- DATA -
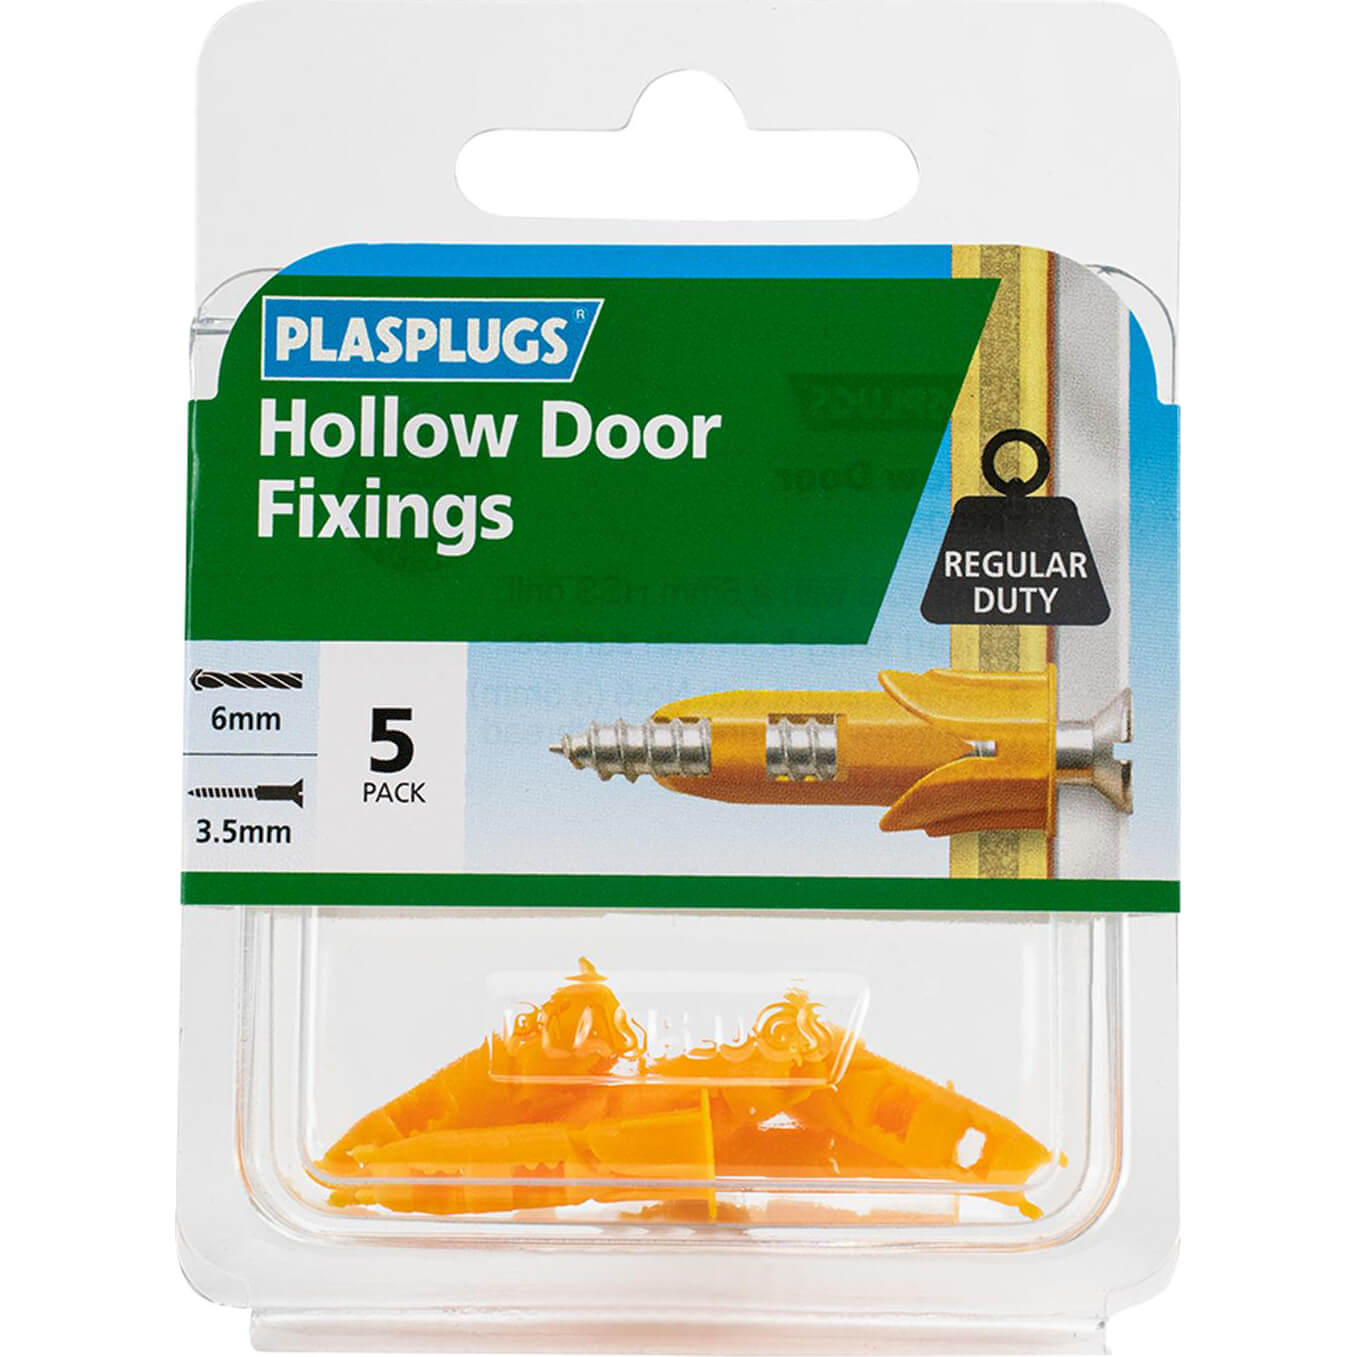 Image of Plasplugs Hollow Door Fixings Pack of 5
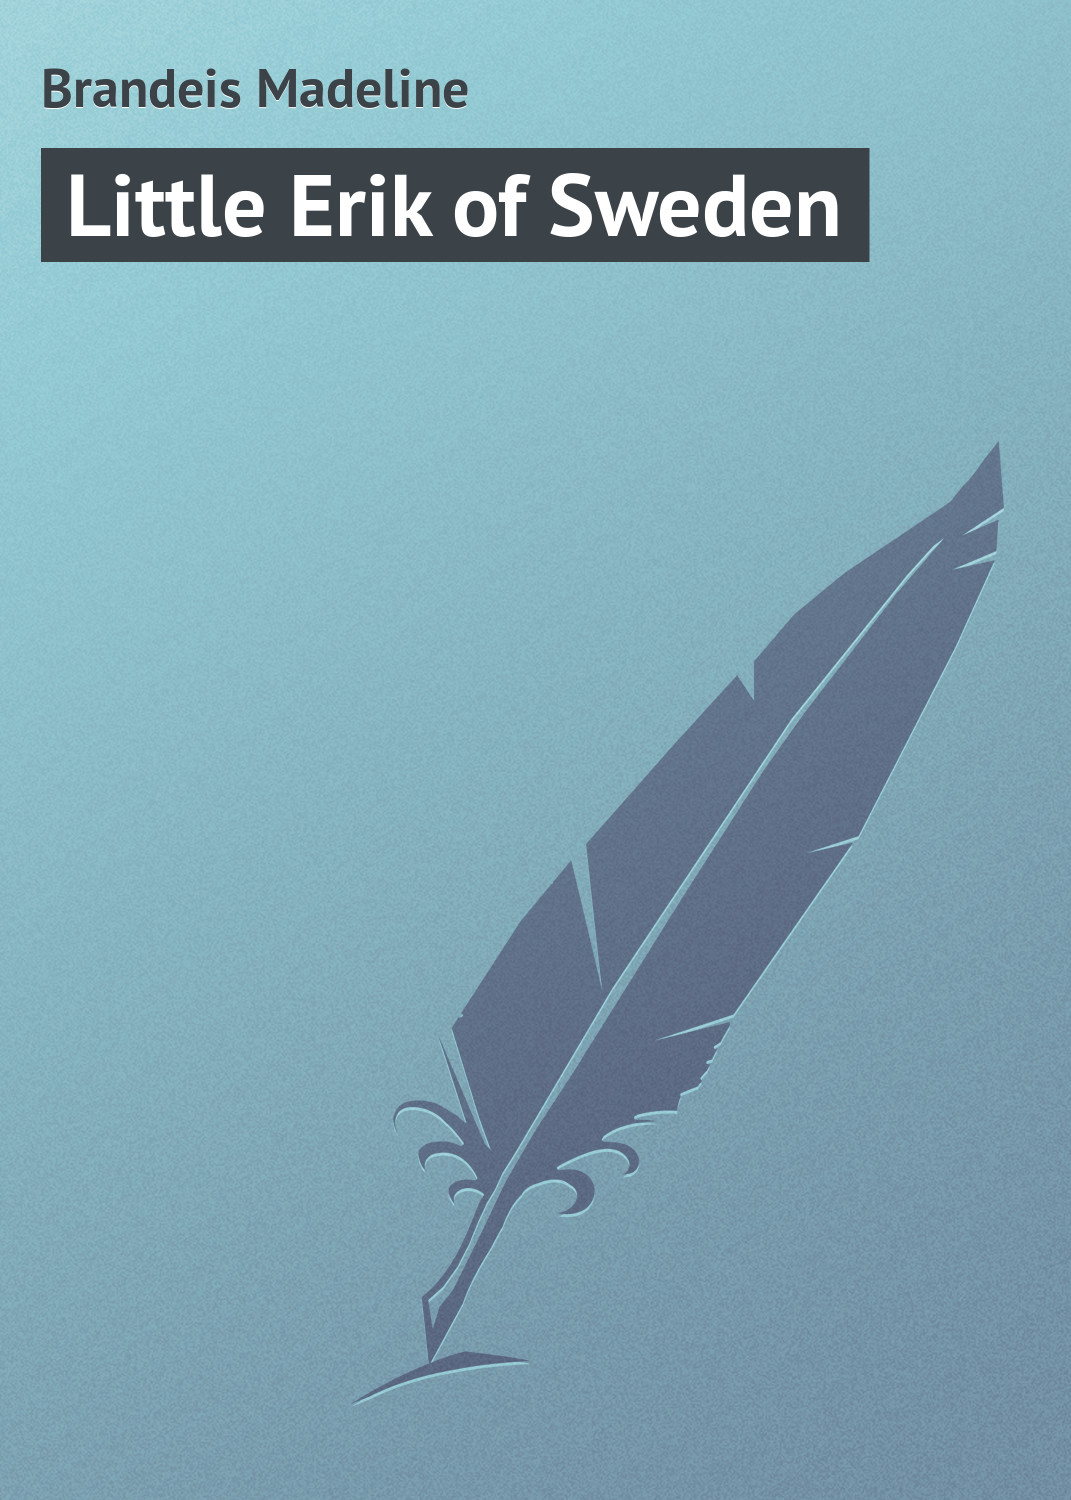 Книга Little Erik of Sweden из серии , созданная Madeline Brandeis, может относится к жанру Зарубежная классика, Зарубежные детские книги. Стоимость электронной книги Little Erik of Sweden с идентификатором 23166795 составляет 5.99 руб.
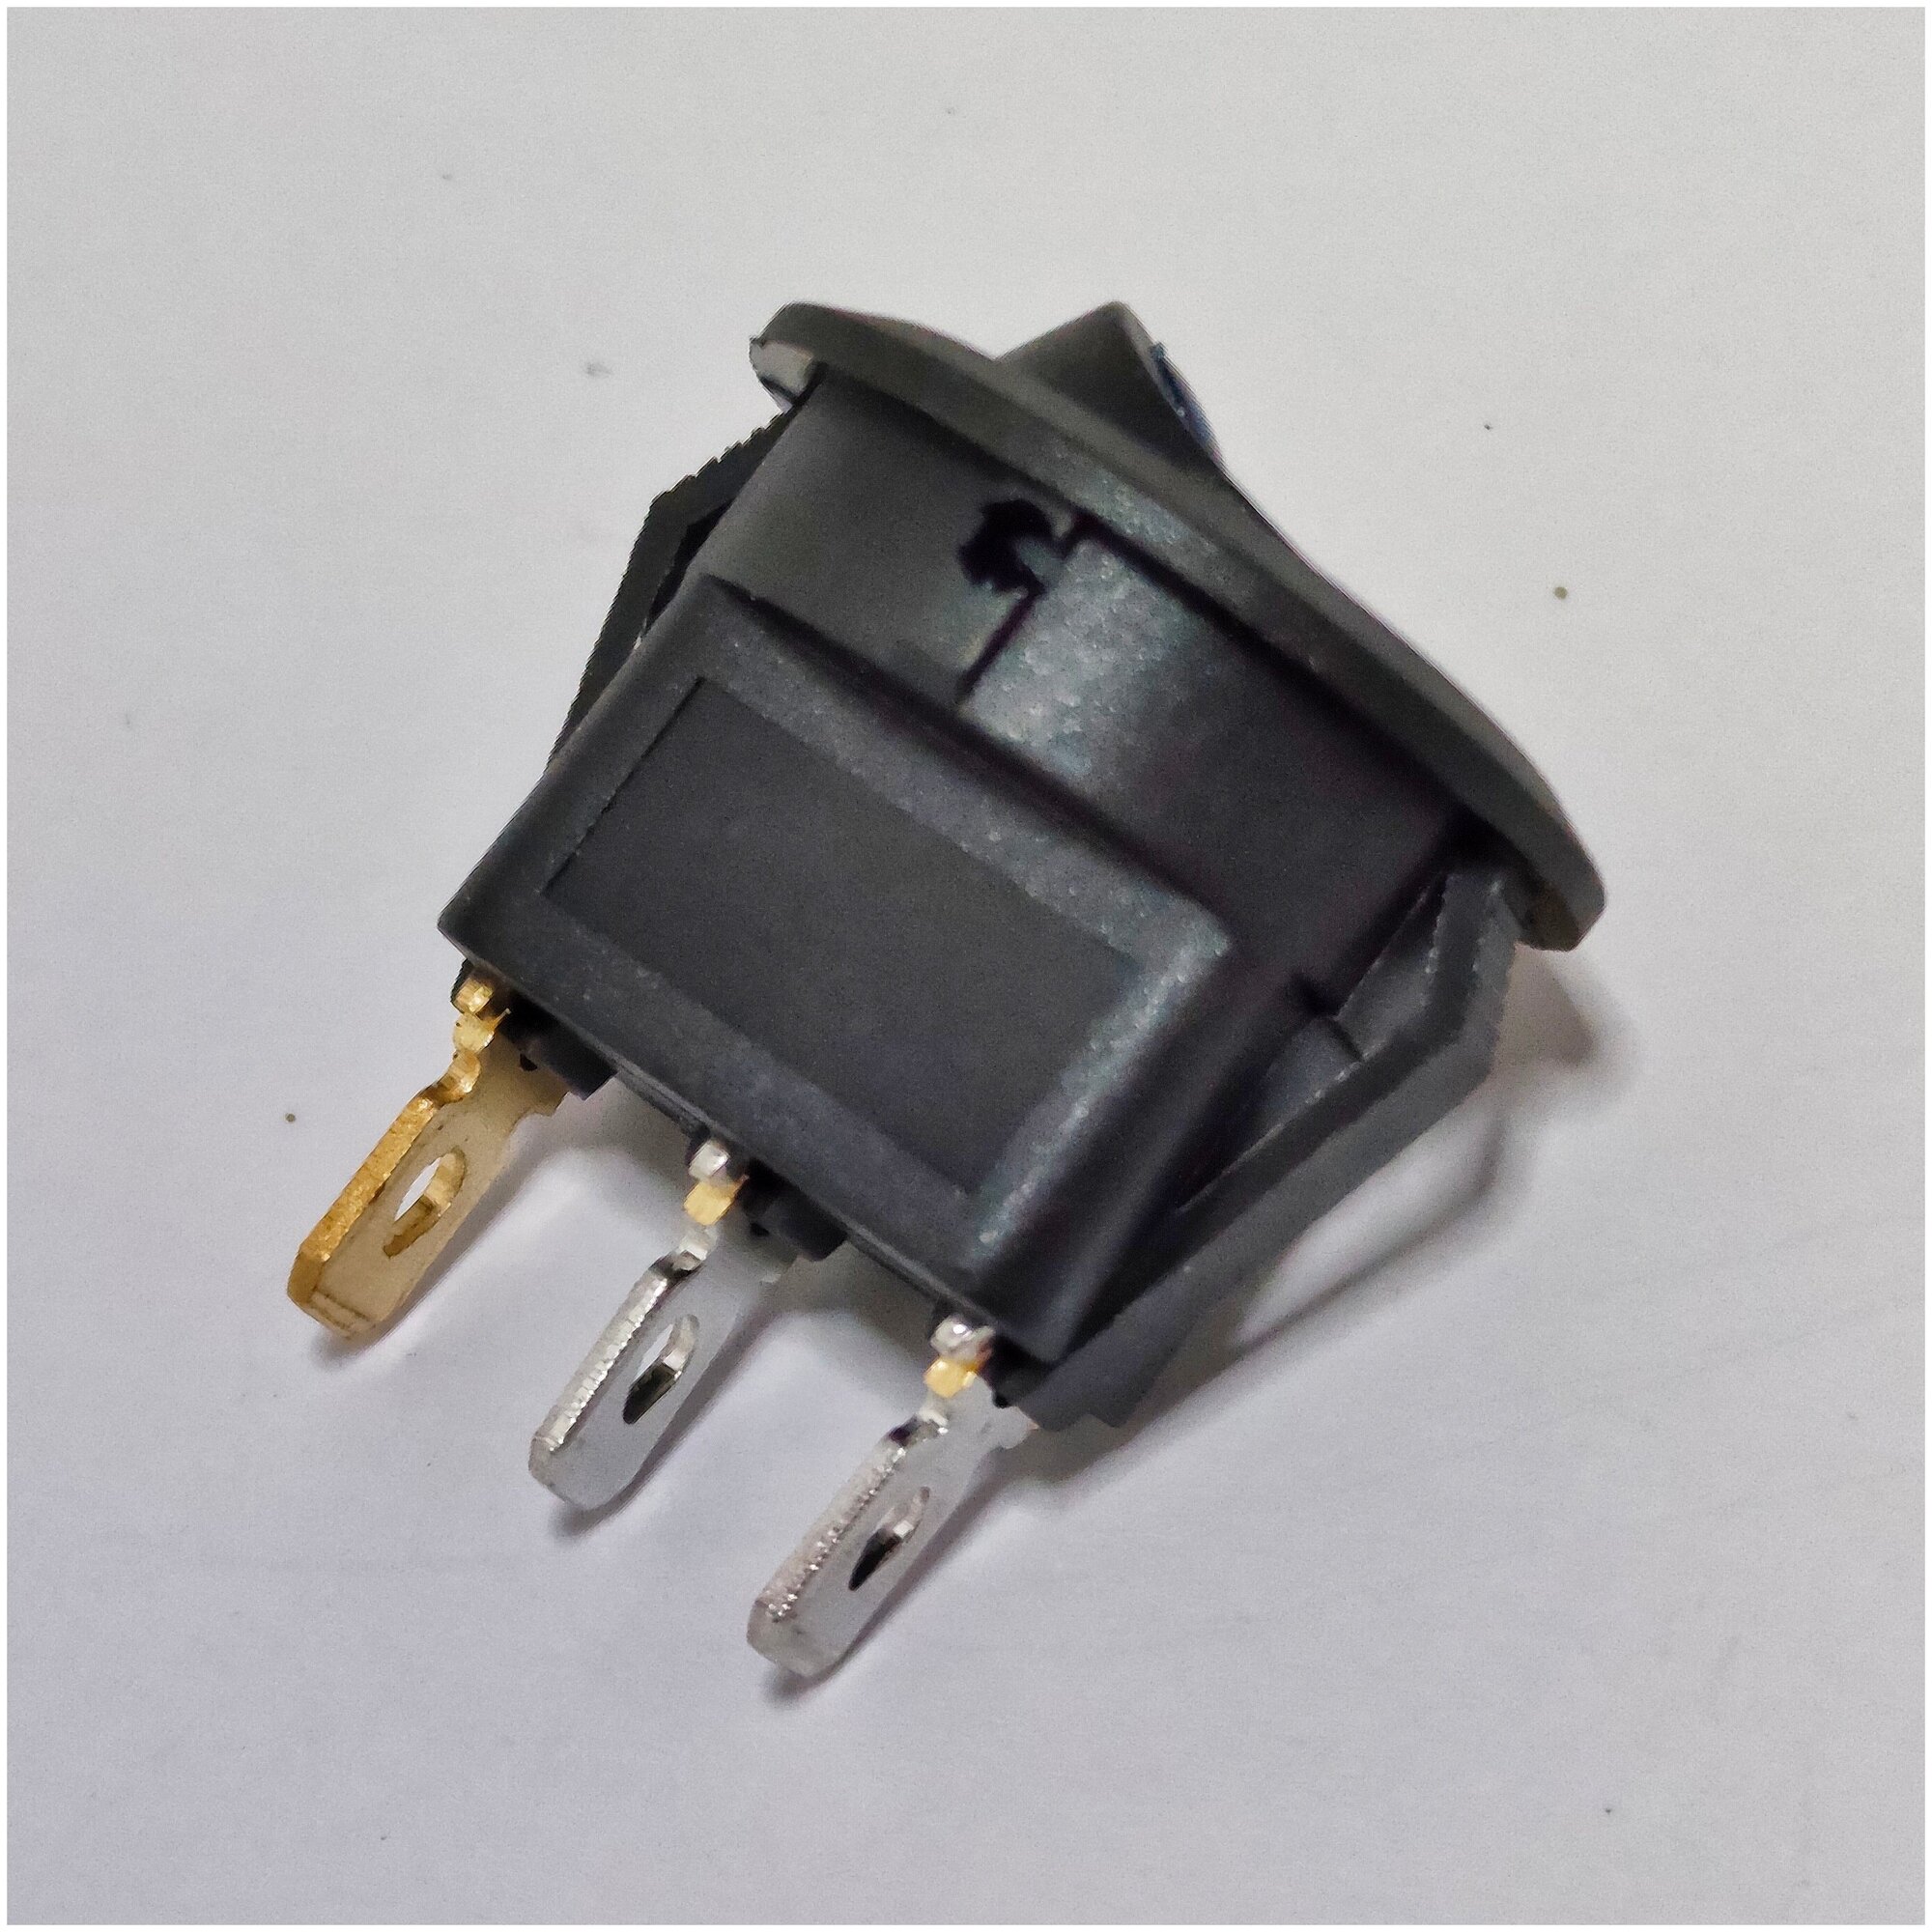 Выключатель клавишный круглый 12V 20А (3с) ON-OFF черный с красной подсветкой (комплект с клеммами и термоусадкой)

- ACTION ITEM -
The first line of the listing through the line with "Книга Little Erik": repeat exactly that span and nothing more, skipping pictures.

- WRITTEN SOLUTION -
 Image of Plasplugs Hollow Door Fixings Pack of 5
 Книга Little Erik of Sweden из серии , созданная Madeline Brandeis, может относится к жанру Зарубежная классика, Зарубежные детские книги. Стоимость электронной книги Little Erik of Sweden с идентификатором 23166795 составляет 5.99 руб.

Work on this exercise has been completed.